INDUSTRIAL SITUATION IN WEXFORD.

I desire to call attention to the situation in Wexford. I think the position is very well known to Deputies.

I have received a memorial from the Wexford Corporation, under the seal of that body, signed by the Mayor and Town Clerk. The industrial situation there is very serious. The facts are that large stocks of manufactured goods have accumulated, for which there is little prospect of immediate sale. It would appear that the ordinary business slump has been accentuated by the fact that, owing to the assaults on property throughout the country, there has been a corresponding limitation of business and a tightening of the purse strings by practically every company that can avoid development of business.

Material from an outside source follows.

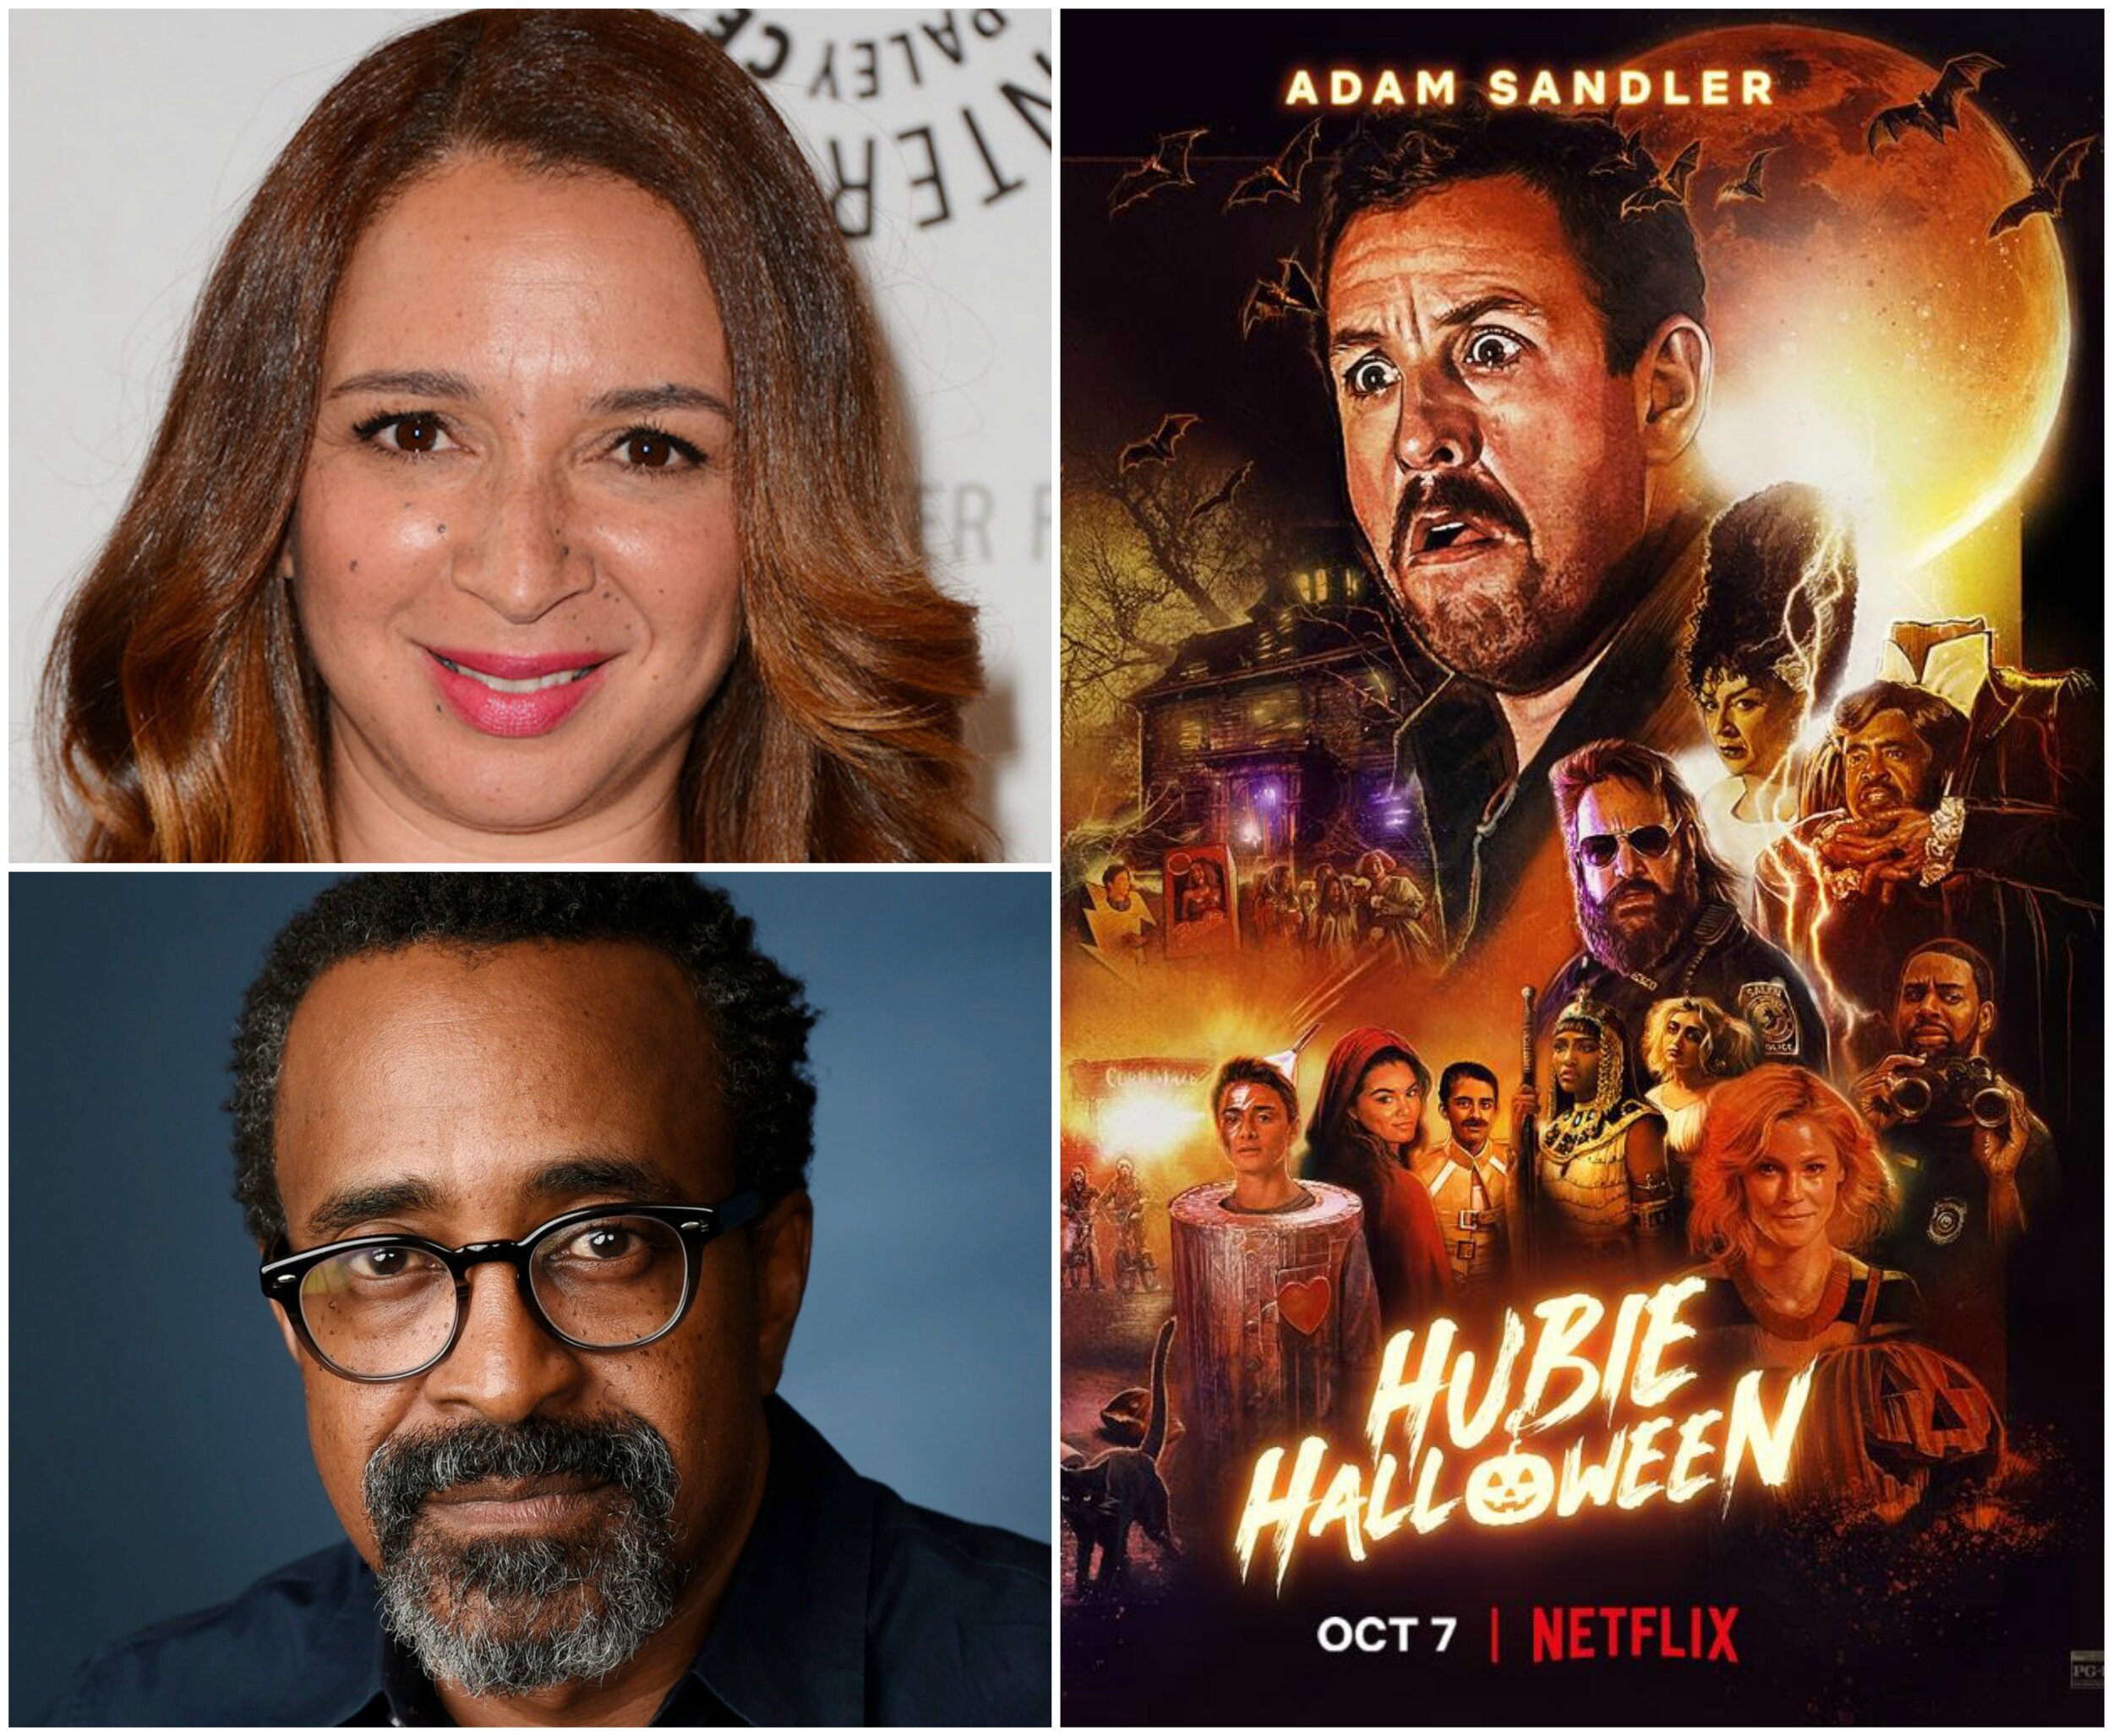 O Halloween do Hubie é o novo filme com Adam Sandler da Netflix

A proposition has come from Wexford, that the extension of the waterworks might be undertaken at an estimated cost of about £10,000. And this is at present under consideration, with a number of other requests of a similar nature from practically the entire country. I have intimated to the President that I will put a proposition before him shortly for expenditure of a huge sum of money to enable employment to be given in constructive work throughout various parts of the country, where unemployment is very acute. It is hoped to be able to guarantee the contribution or loan being raised by the local authority in question and to distribute the burden as fairly as is possible under the circumstances. This memorial is at present under consideration with others. And, as I have said, I hope to be able to put a scheme before the President in this and other matters very shortly.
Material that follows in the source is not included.